The task
In the data below, reproduce everything exactly except the images.

Dataset excerpt

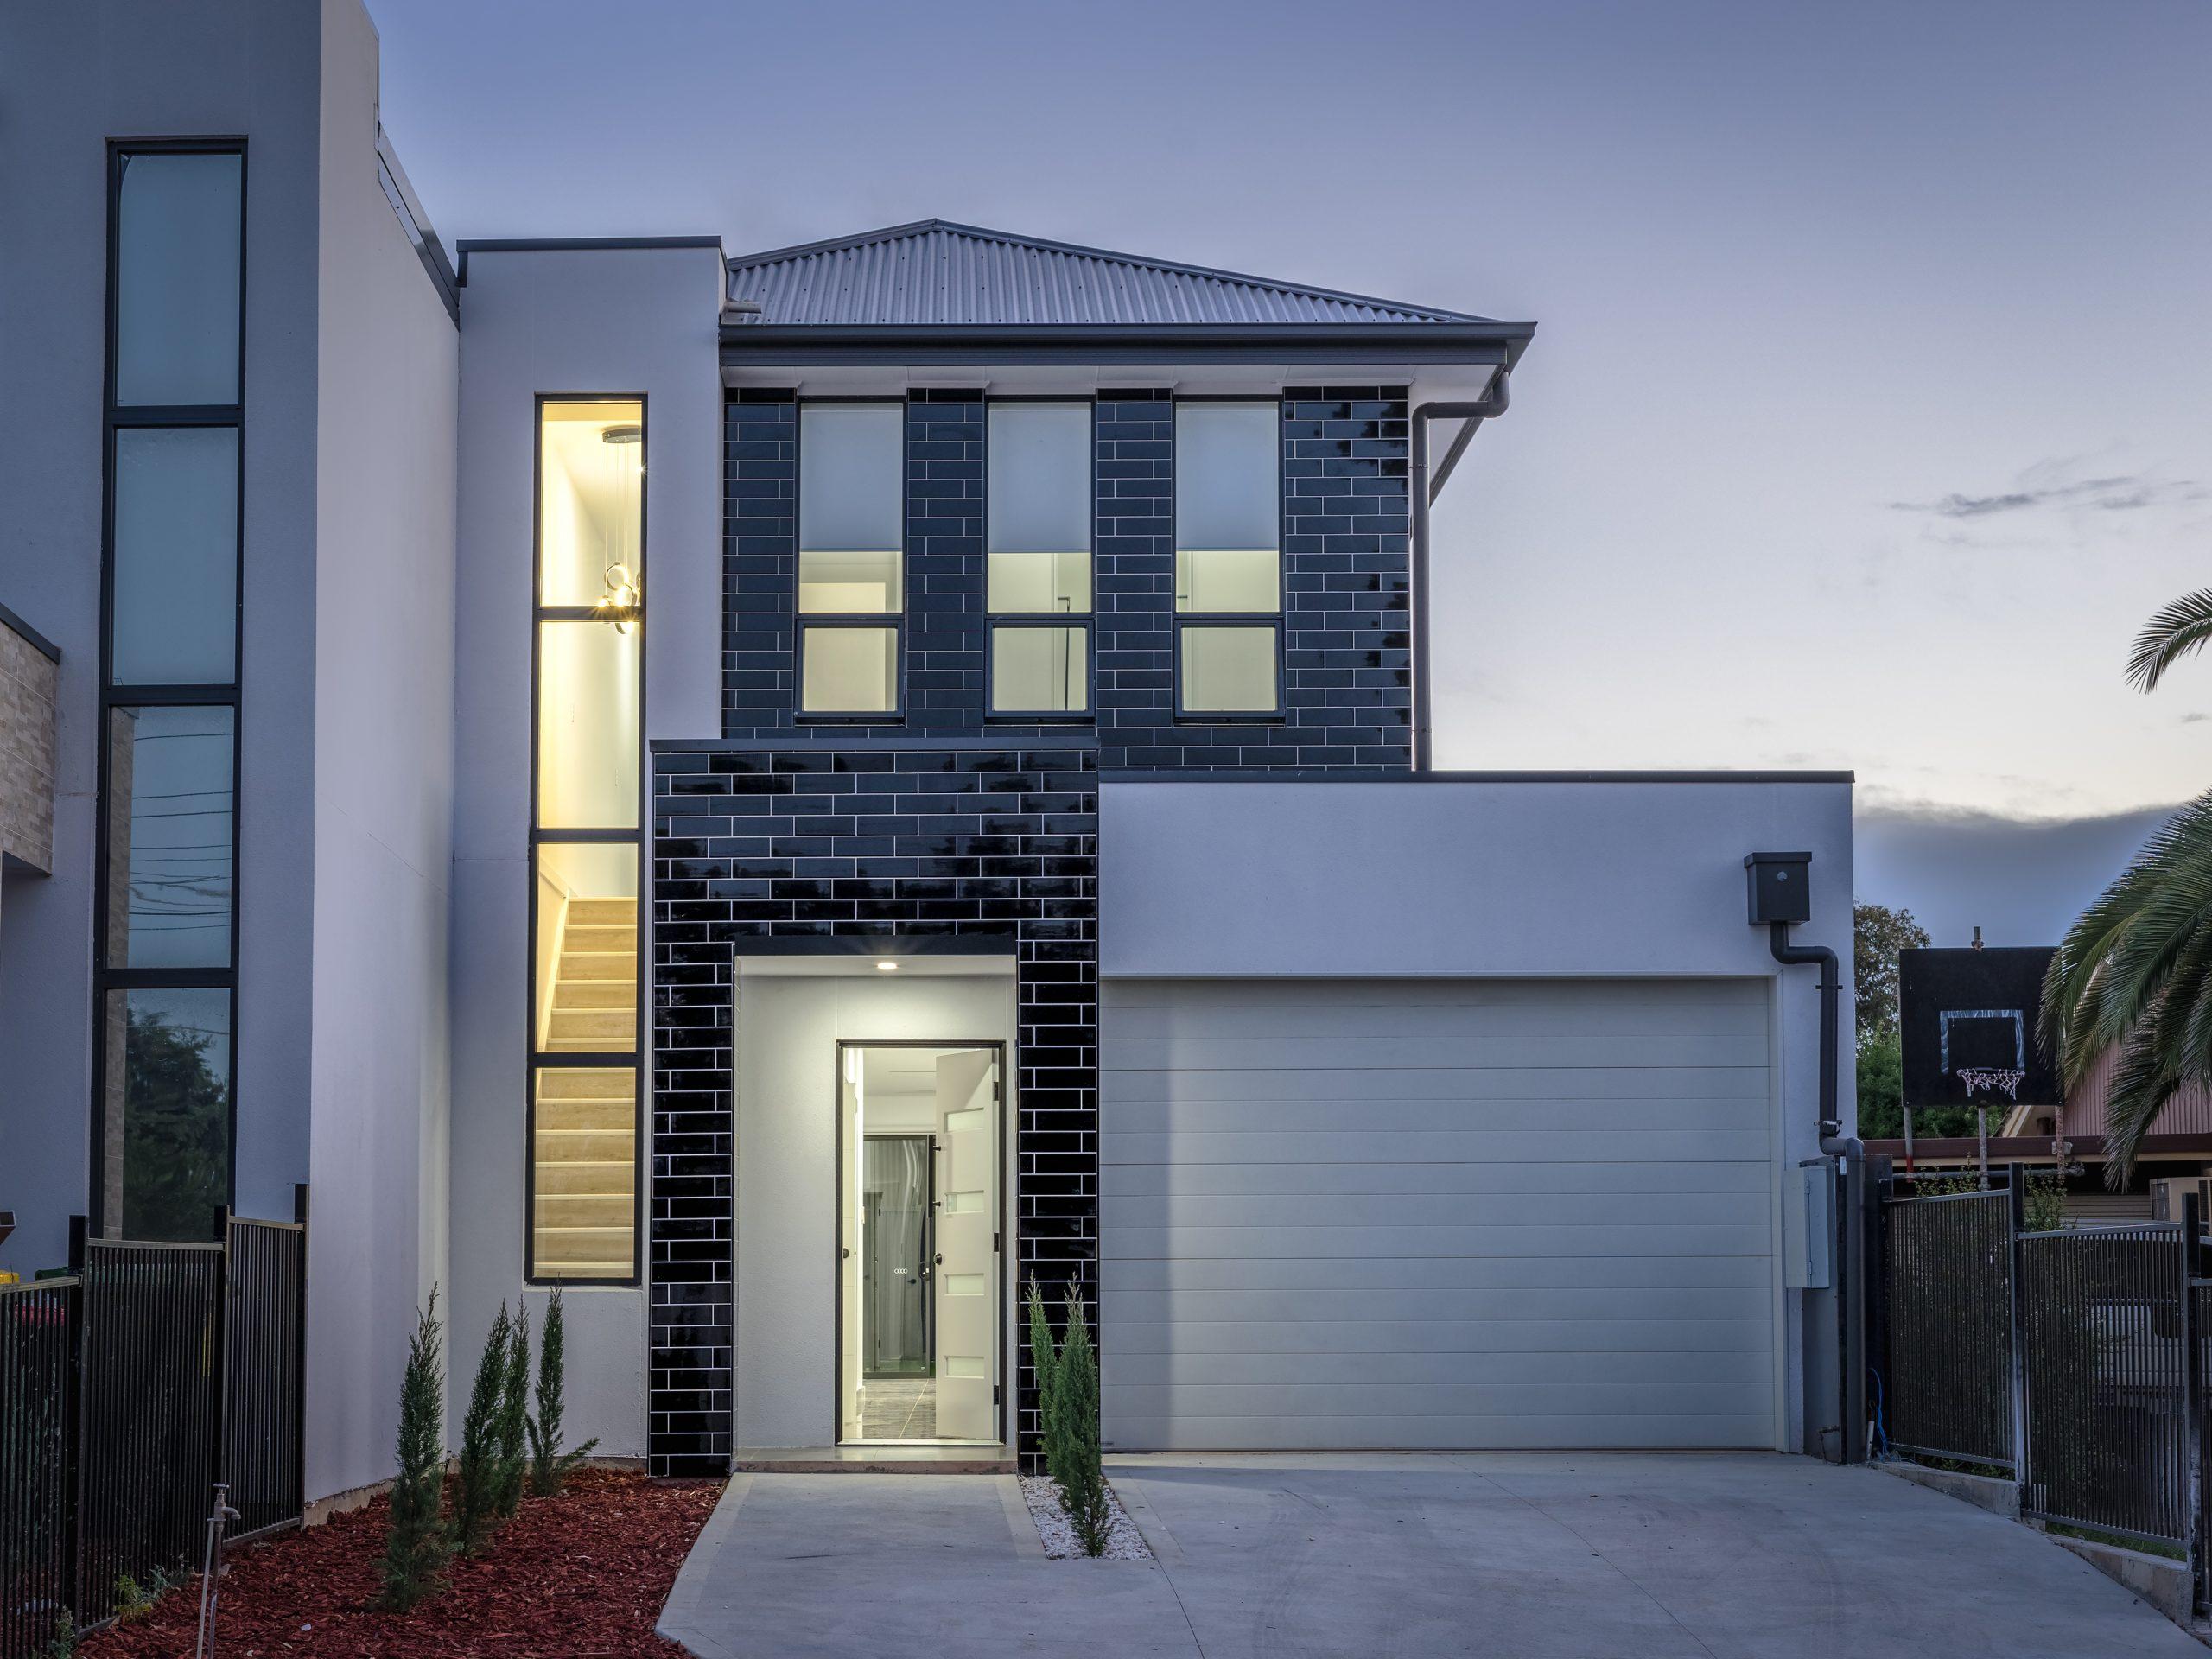 Ingle Farm - Pandanya - HBC Homes Adelaide - DSC00895-HDR-Edit
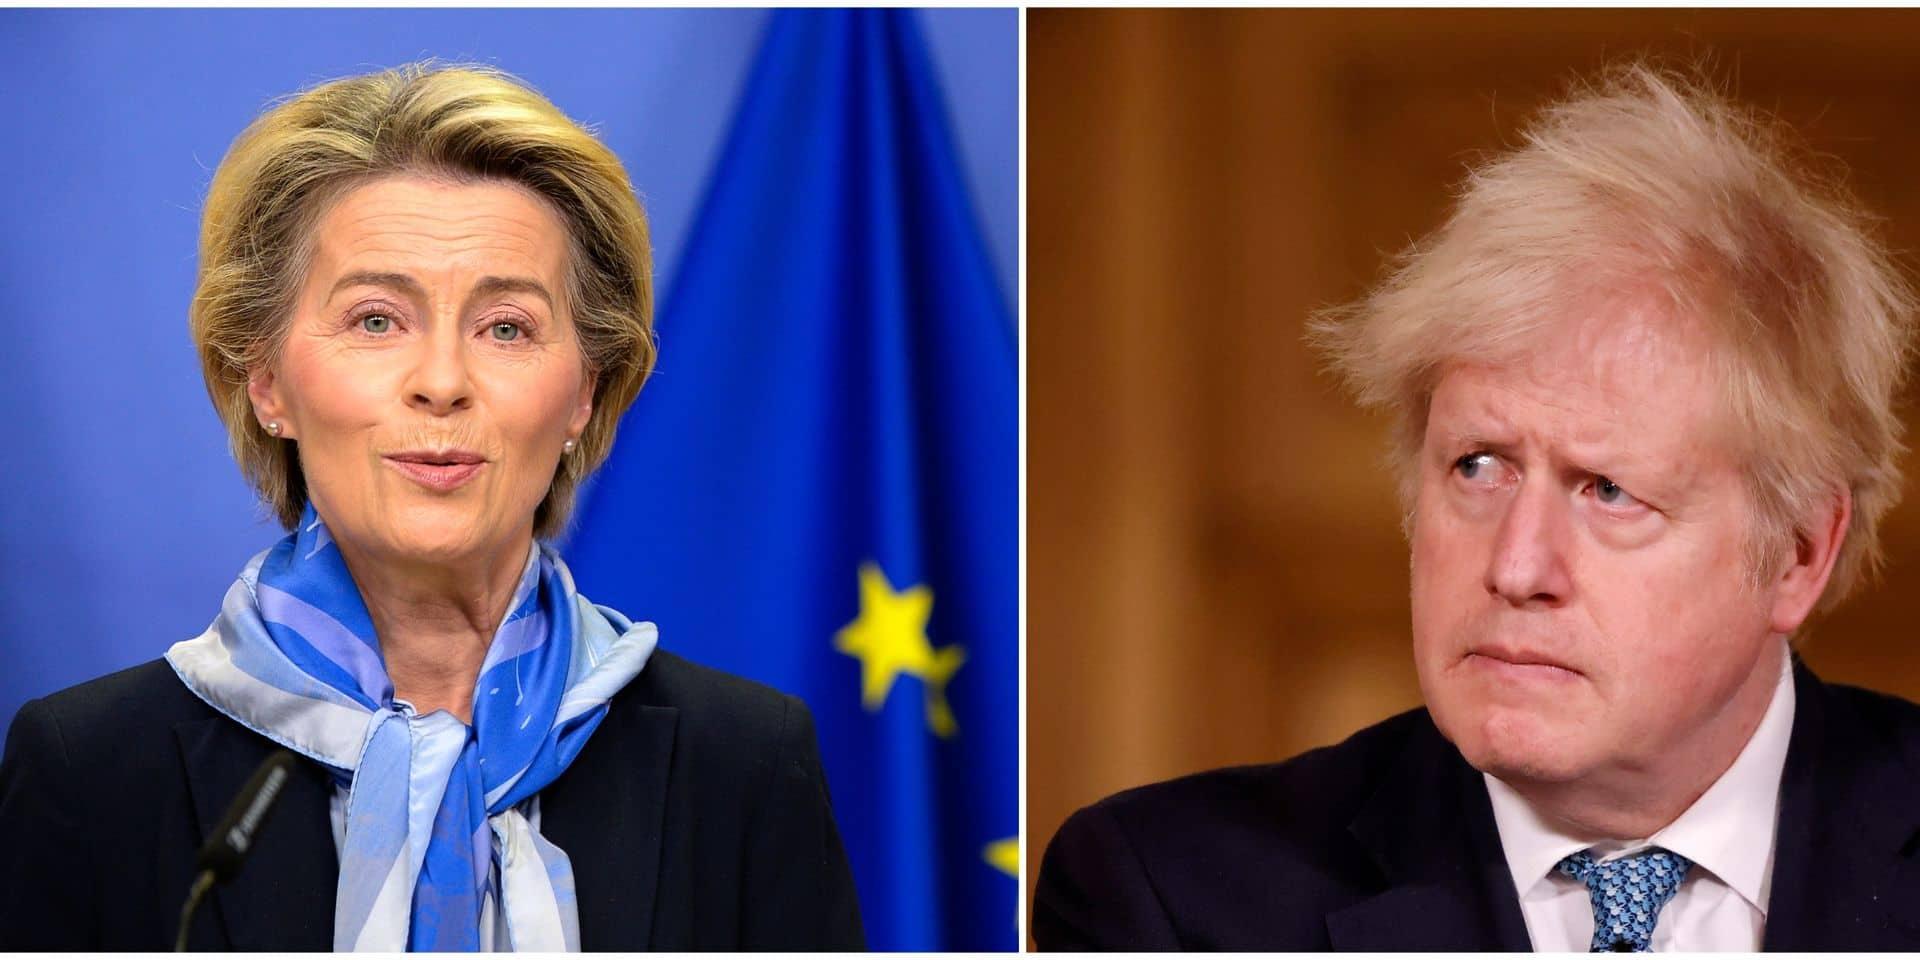 L'Union européenne et le Royaume-Uni ont trouvé un accord: retour sur des dernières heures agitées
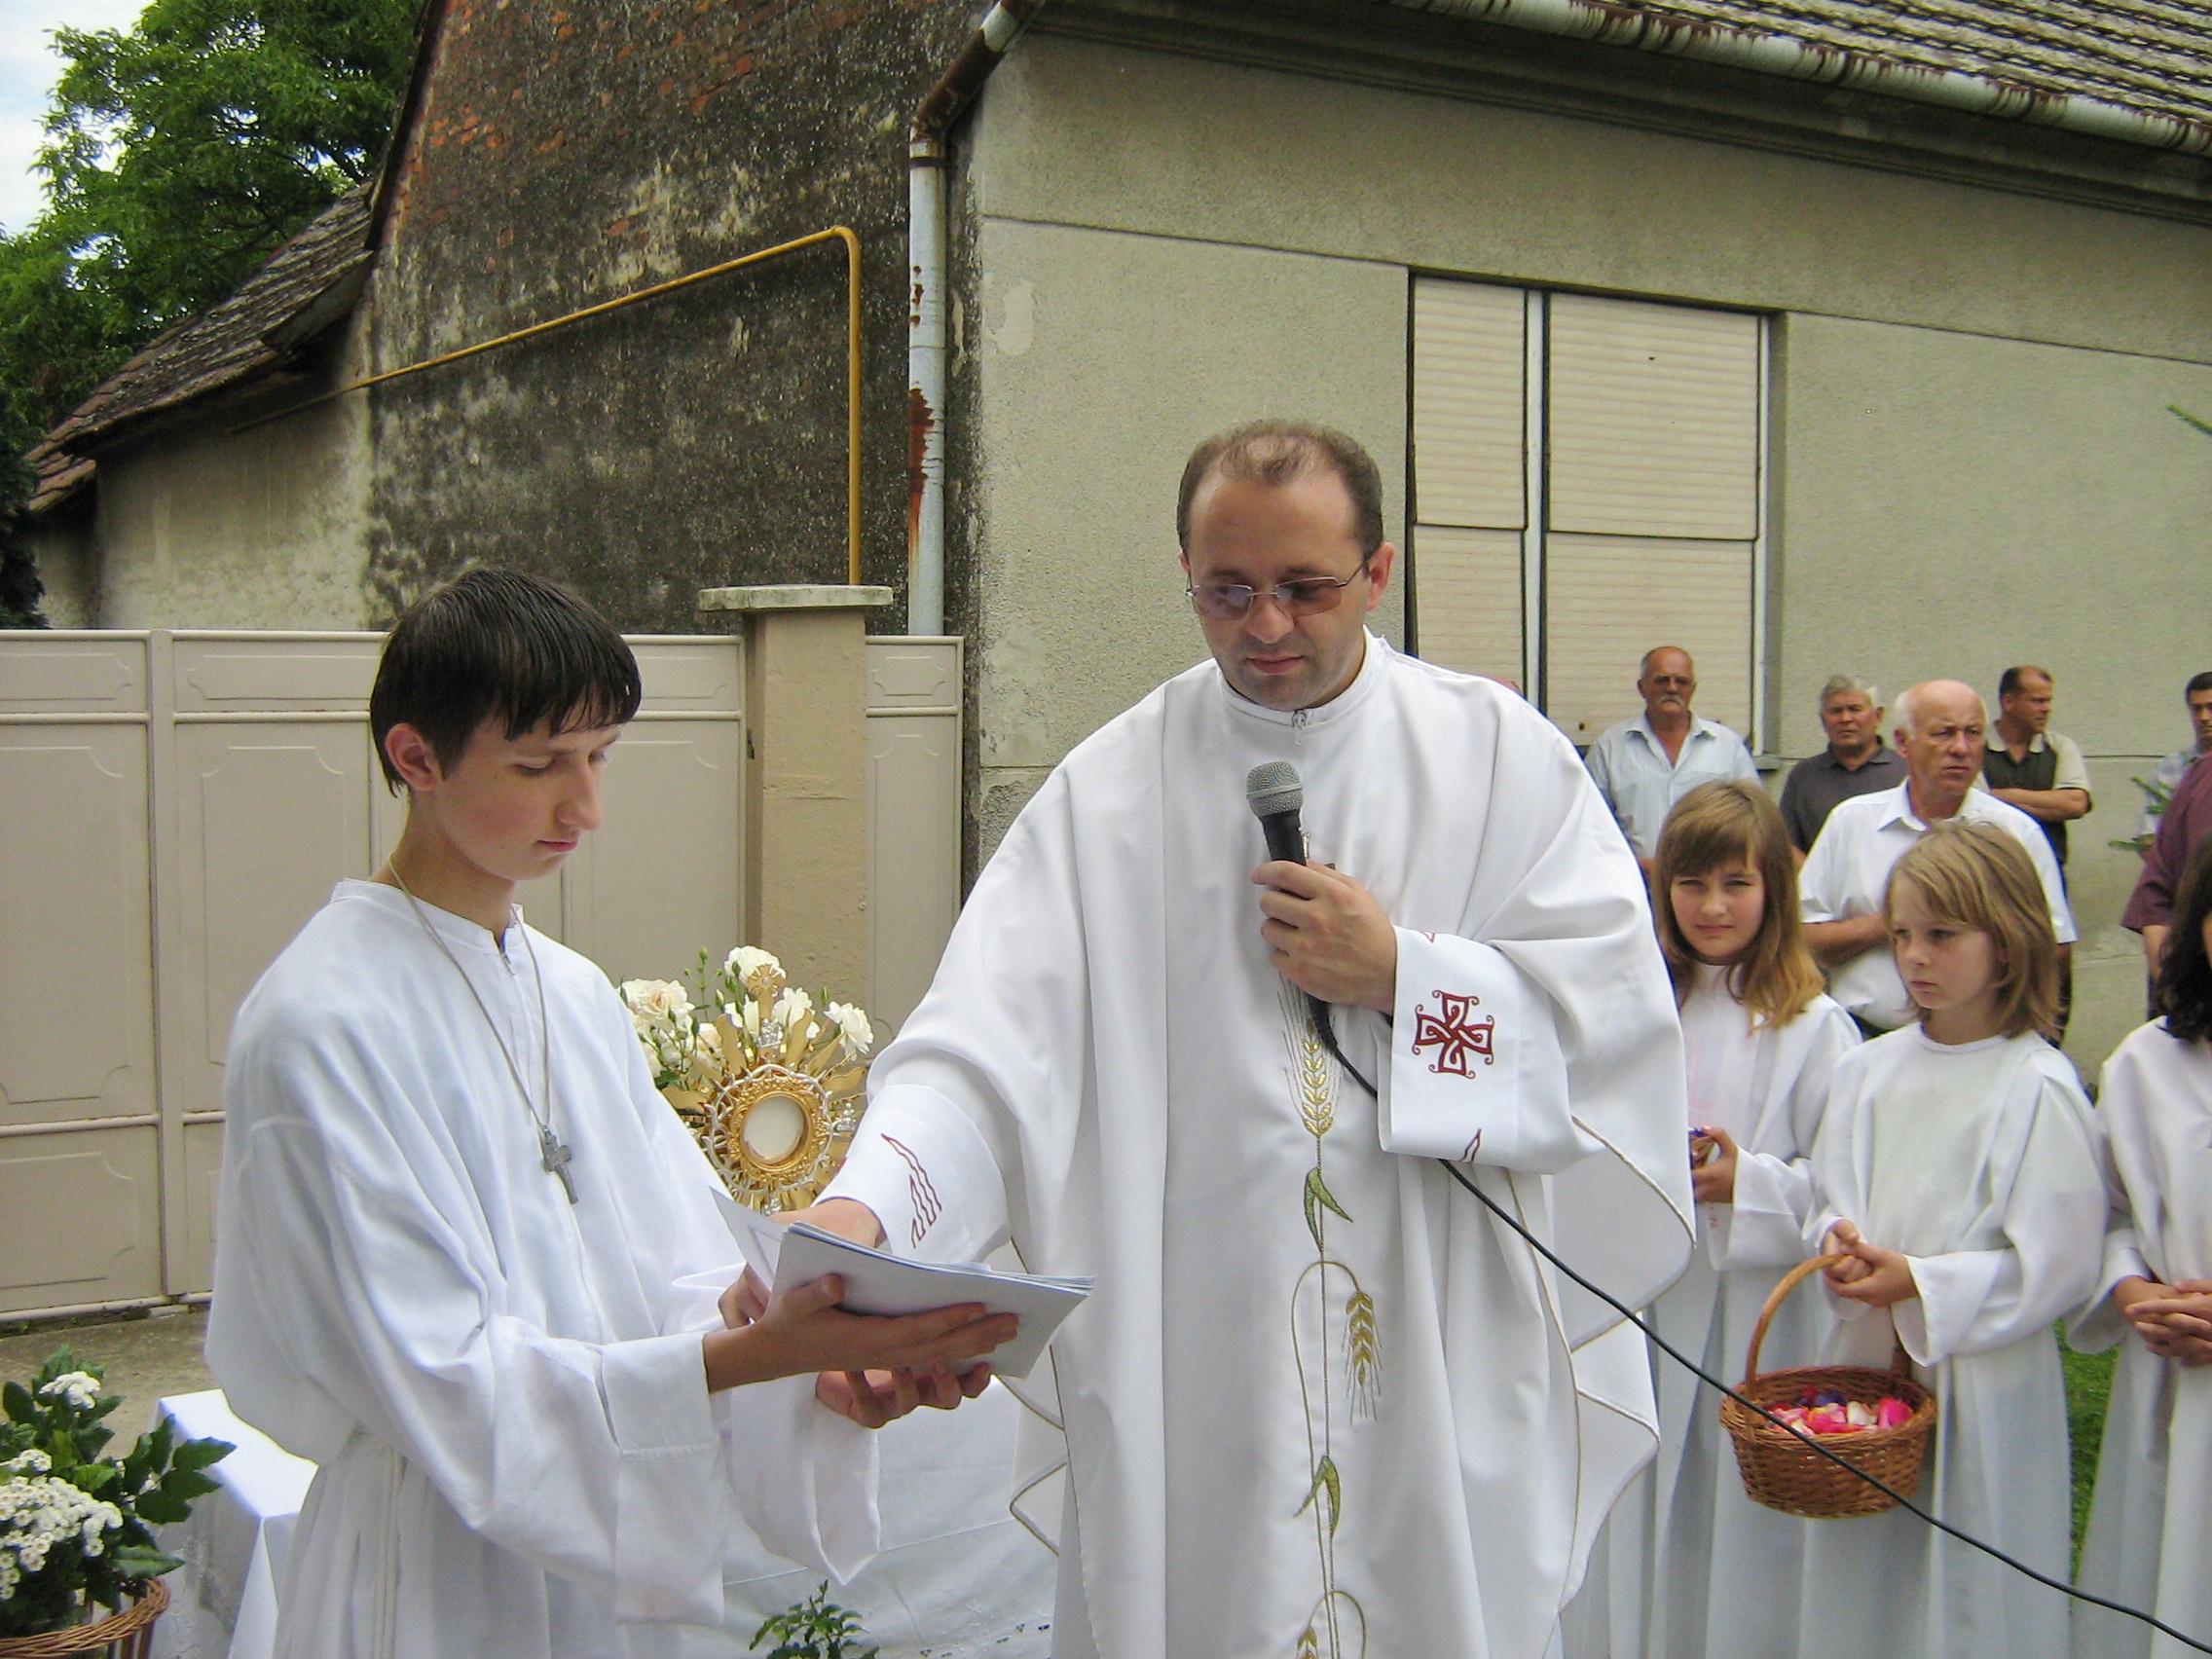 Ministranti u Markovcu Našičkom i župnik Branko - Tijelovo 2007 (slika 2) - 7.6.2007.

Task response
 Ingle Farm - Pandanya - HBC Homes Adelaide - DSC00895-HDR-Edit
 L'Union européenne et le Royaume-Uni ont trouvé un accord: retour sur des dernières heures agitées
 Ministranti u Markovcu Našičkom i župnik Branko - Tijelovo 2007 (slika 2) - 7.6.2007.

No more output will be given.